Australia Thirsts for Water Reform
Australia plans to spend $720 million over the next 7 years to combat rising salinity that is threatening the country's agriculture and drinking water. The program, announced last month by the national government and endorsed last week by the state governments, will plant trees, promote new farming practices, and explore engineering solutions including pumping salt water back into the ocean. “Business as usual is no longer an option,” says ecologist Graham Harris, chief of land and water for the government's Commonwealth Scientific and Industrial Research Organization.
Two hundred years of channeling and damming have combined with the country's unique hydrology to exact a heavy toll, say scientists. Hydroelectric dams have turned rivers like the iconic Snowy into shallow streams studded with sandflats. The destruction of reed beds and ponds that once served as natural filters have led to heavy siltation and alga growth as well as the loss of native fish.
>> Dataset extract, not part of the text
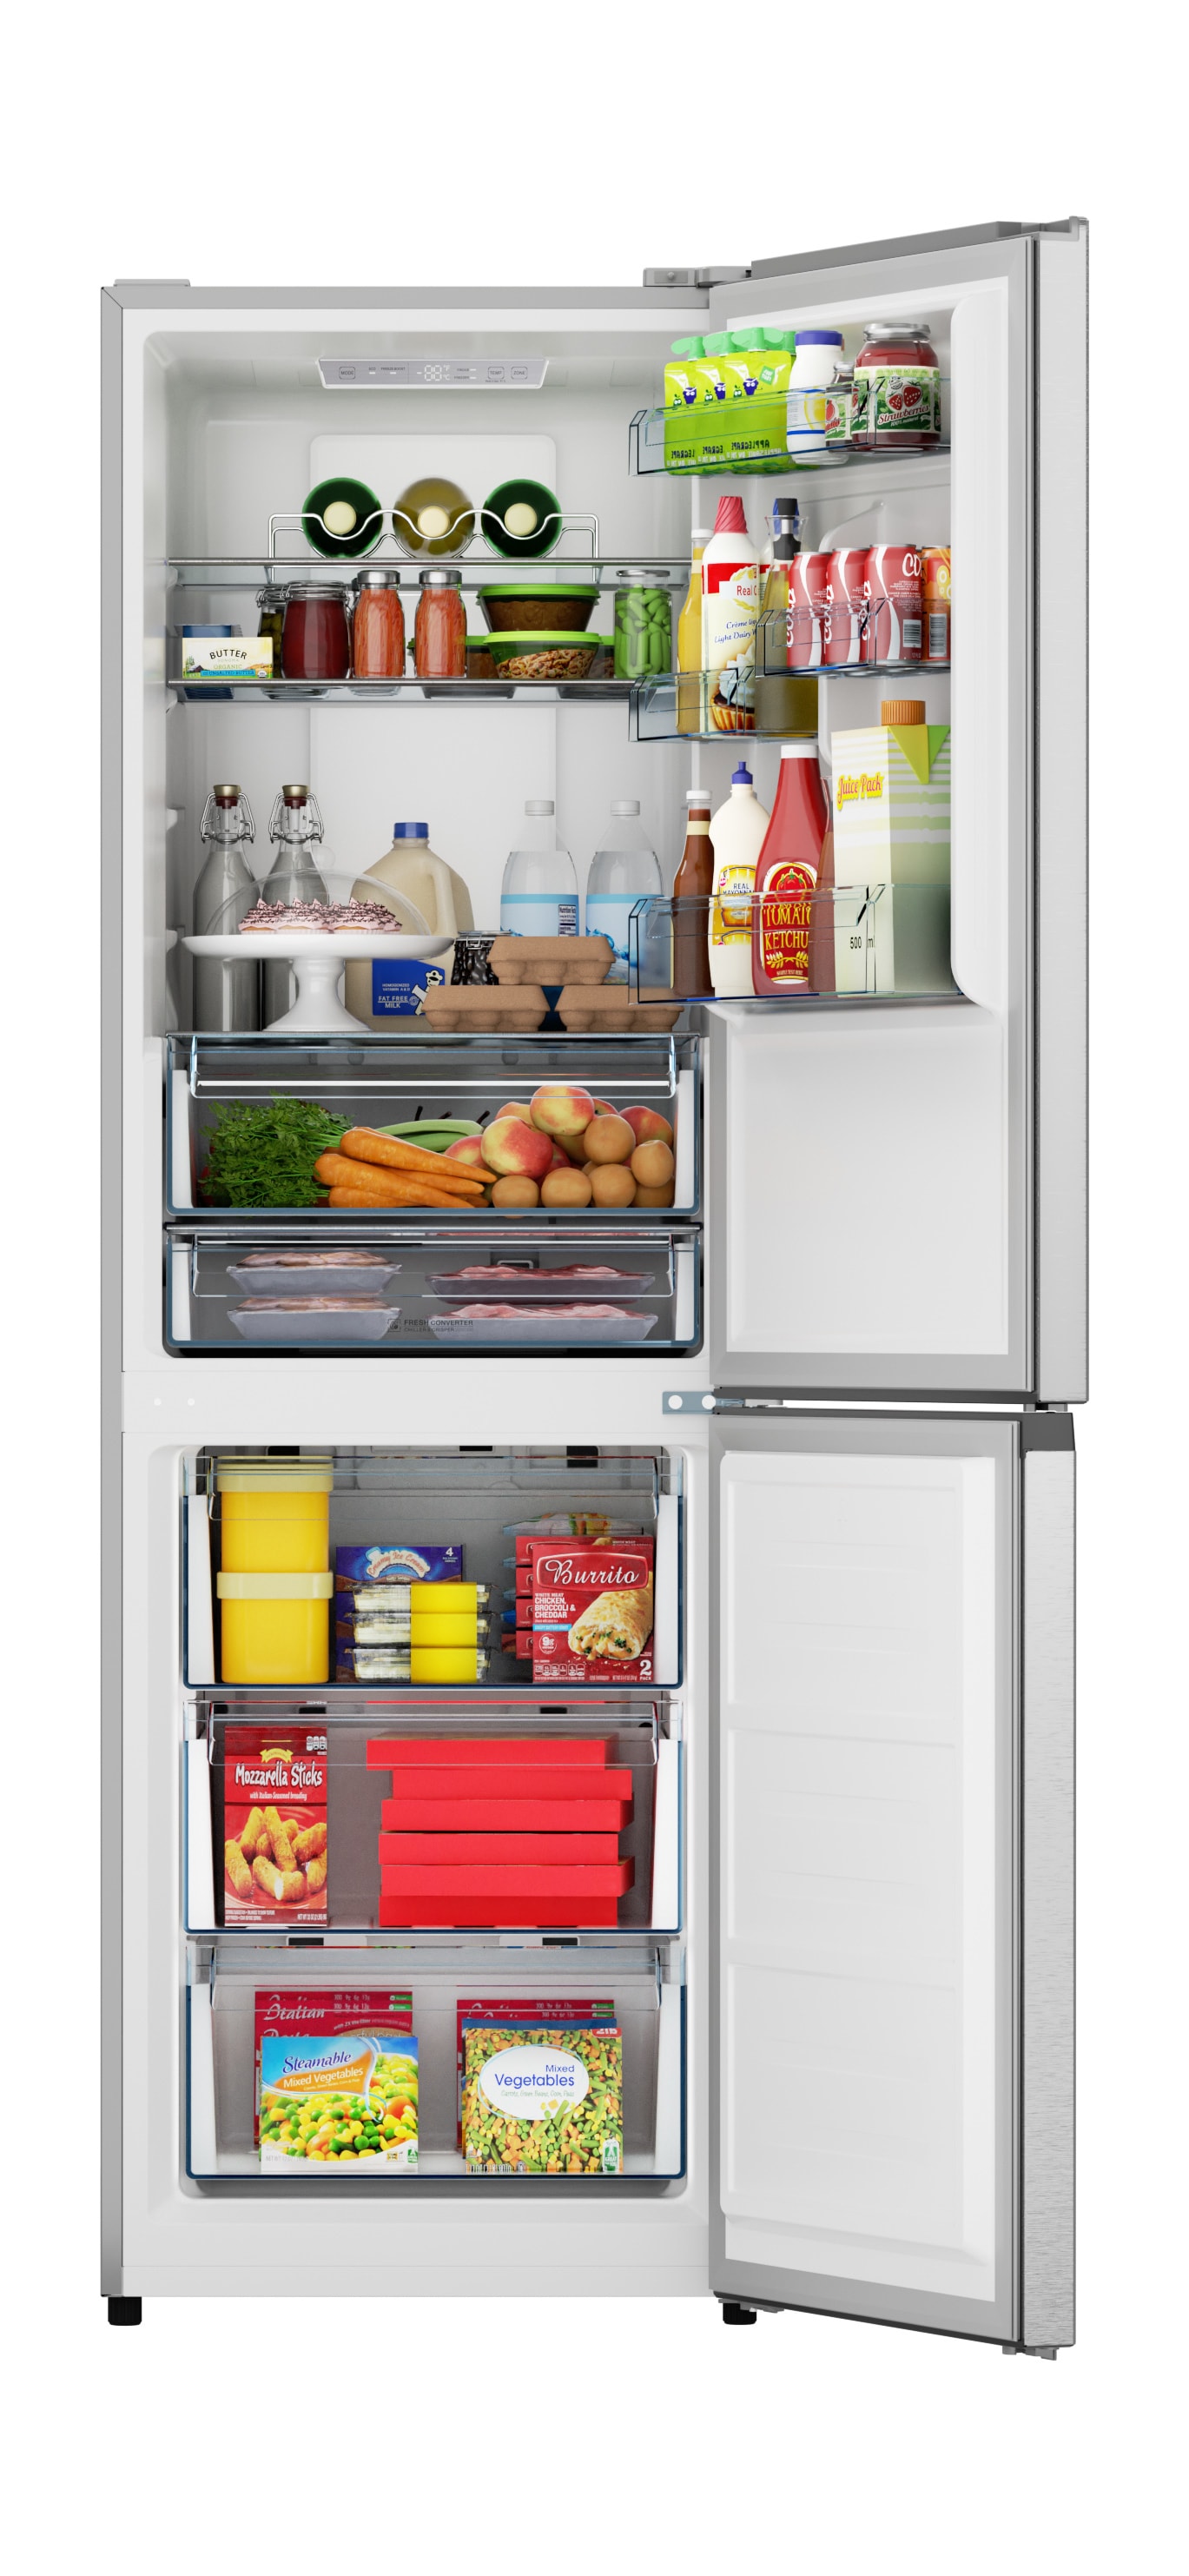 Refrigerator STAR ft Sharp department Refrigerators the 11.5-cu (Stainless in Steel) ENERGY Bottom-Freezer Bottom-Freezer at
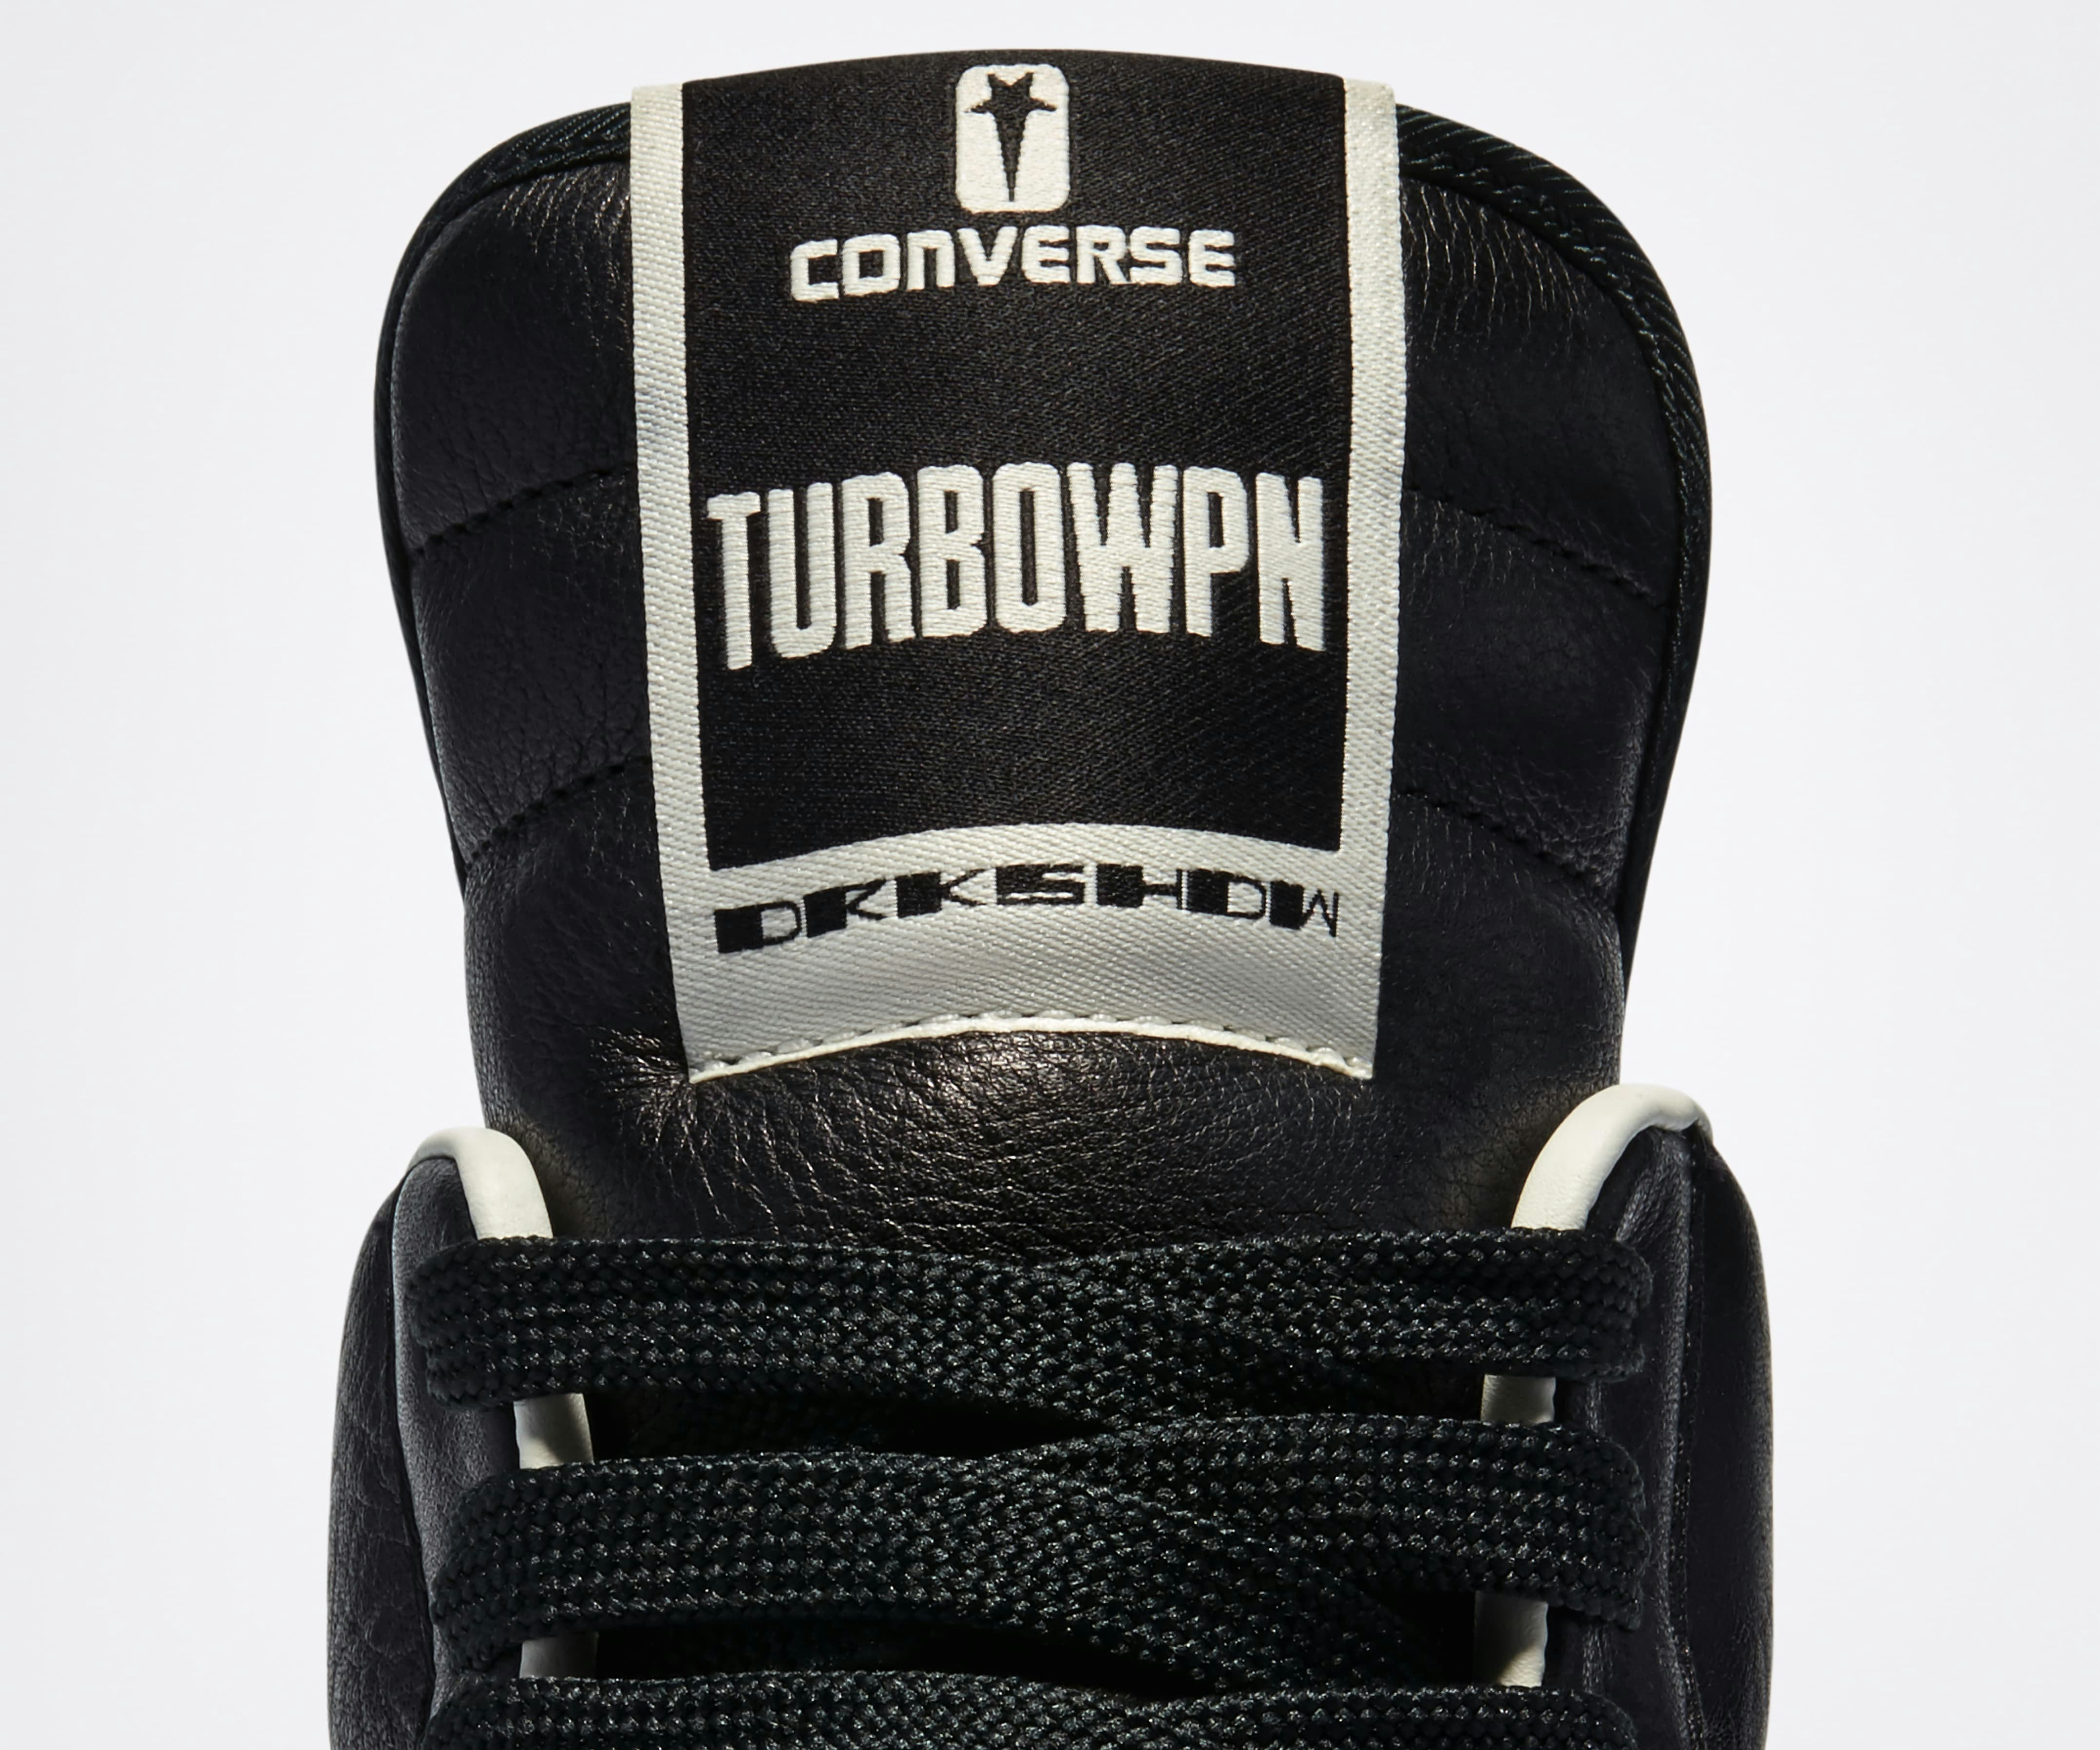 Rick Owens x Converse Turbown Ox "DRKSDW"

A new book, Running Down, by paleoenvironmentalist Mary White, has focused public attention on the problem. Australia, she writes, is “the oldest, driest, flattest, and most worn-out landscape on Earth.” For millions of years winds blew ocean and lake salt around the country—salt that could not be purged by the flat, slow-flowing rivers. Only 6% of the land is arable; much of that is now turning into salt desert.
The new National Action Plan for Salinity and Water Quality, to be spelled out next month, is to focus on 20 regions where the problems are especially severe. The Victoria and New South Wales governments are also weighing a 10-year, $160 million plan for restoring Snowy River to 28% of its predam flow.
But White says far more drastic changes are needed. Irrigation is still bleeding rivers and raising salt levels, she says, and “we're still cutting down trees in Queensland faster than in the Amazon. We've learnt nothing.”
A Japanese archaeologist has stunned the community by admitting that he planted primitive stone tools at a dig so his team could get credit for discovering the oldest stone artifacts in Japan.
On 23 October, researchers led by Shinichi Fujimura, deputy director of the private Tohoku Paleolithic Cultural Research Institute, announced finding rings of postholes and stone tool cache pits at a site in Kamitakamori, at the northern end of Honshu, Japan's main island, during this summer and fall. Volcanic ash found above the finds was dated to 570,000 years ago by paleomagnetic and thermoluminescent dating, making the structures and the tools among the oldest ever found in Japan. Fujimura, 50, is an amateur whose ability to consistently come up with important artifacts has made him famous but also aroused suspicions.
On 5 November, the Mainichi Shimbun newspaper reported that it had secretly caught Fujimura on video burying artifacts at the site earlier in October. At a press conference later that day, Fujimura admitted burying 61 of the 65 artifacts found at Kamitakamori and all 29 stone tools found earlier this year at Soshin Fudozaka, a site in Hokkaido. He says that these were the only times he had ever planted artifacts. Toshiaki Kamata, director of the institute, said other members of the team were unaware of the fraud and that the rings from the postholes and four of the artifacts are genuine. “At this point, I think we have to be pretty suspicious” about claims for the Kamitakamori site, says Peter Bleed, a professor of anthropology at the University of Nebraska, Lincoln, now on leave as a guest professor at Tohoku University Museum in Sendai. Bleed says he had been touting the importance of the site to colleagues. Now, “many of us are looking silly,” he says.
A Defibrillator in Every Crowd
Gambling casinos may be an unusual research setting. But with lots of unhealthy middle-aged males spending long periods of time there, they provided Terence Valenzuela of the University of Arizona in Tucson with an ideal venue to test the efficacy of a new, easy-to-use, lightweight, automated defibrillator. His positive results, combined with new federal legislation to foster the use of defibrillators, offer hope of sharply improving the odds for victims of cardiac arrest.
In 30 casinos around the country, Valenzuela and colleagues trained security personnel in the use of the machines, which monitor heart rhythms and regularize them with shocks. Ventricular fibrillation—when the heart's electrical system goes haywire—is the most common cause of sudden cardiac arrest, a major killer in the U.S. and almost always lethal without immediate intervention. Unlike heart attacks, which give warning signals, Valenzuela says “cardiac arrest is when you're standing there conversing and all of a sudden you collapse in a heap and have no pulse.”
Over 32 months, the casinos treated 148 collapsed clients, 70% of them male and 105 with ventricular fibrillation. The mean time from collapse to defib was 4.4 minutes. Of those treated within 3 minutes, almost 74% survived, compared with about half of the rest. Of the 105, 56 lived to gamble again.
“Everybody in my line of work is now looking” for places, such as airplanes, retirement communities, and sports stadiums, to put defibrillators, says Valenzuela, whose report was published in the 26 October New England Journal of Medicine. Congress is hoping to speed up the trend: Last month it passed a Cardiac Arrest Survival Act that encourages the deployment of defibrillators in federal offices and limits the liability of “good Samaritans.”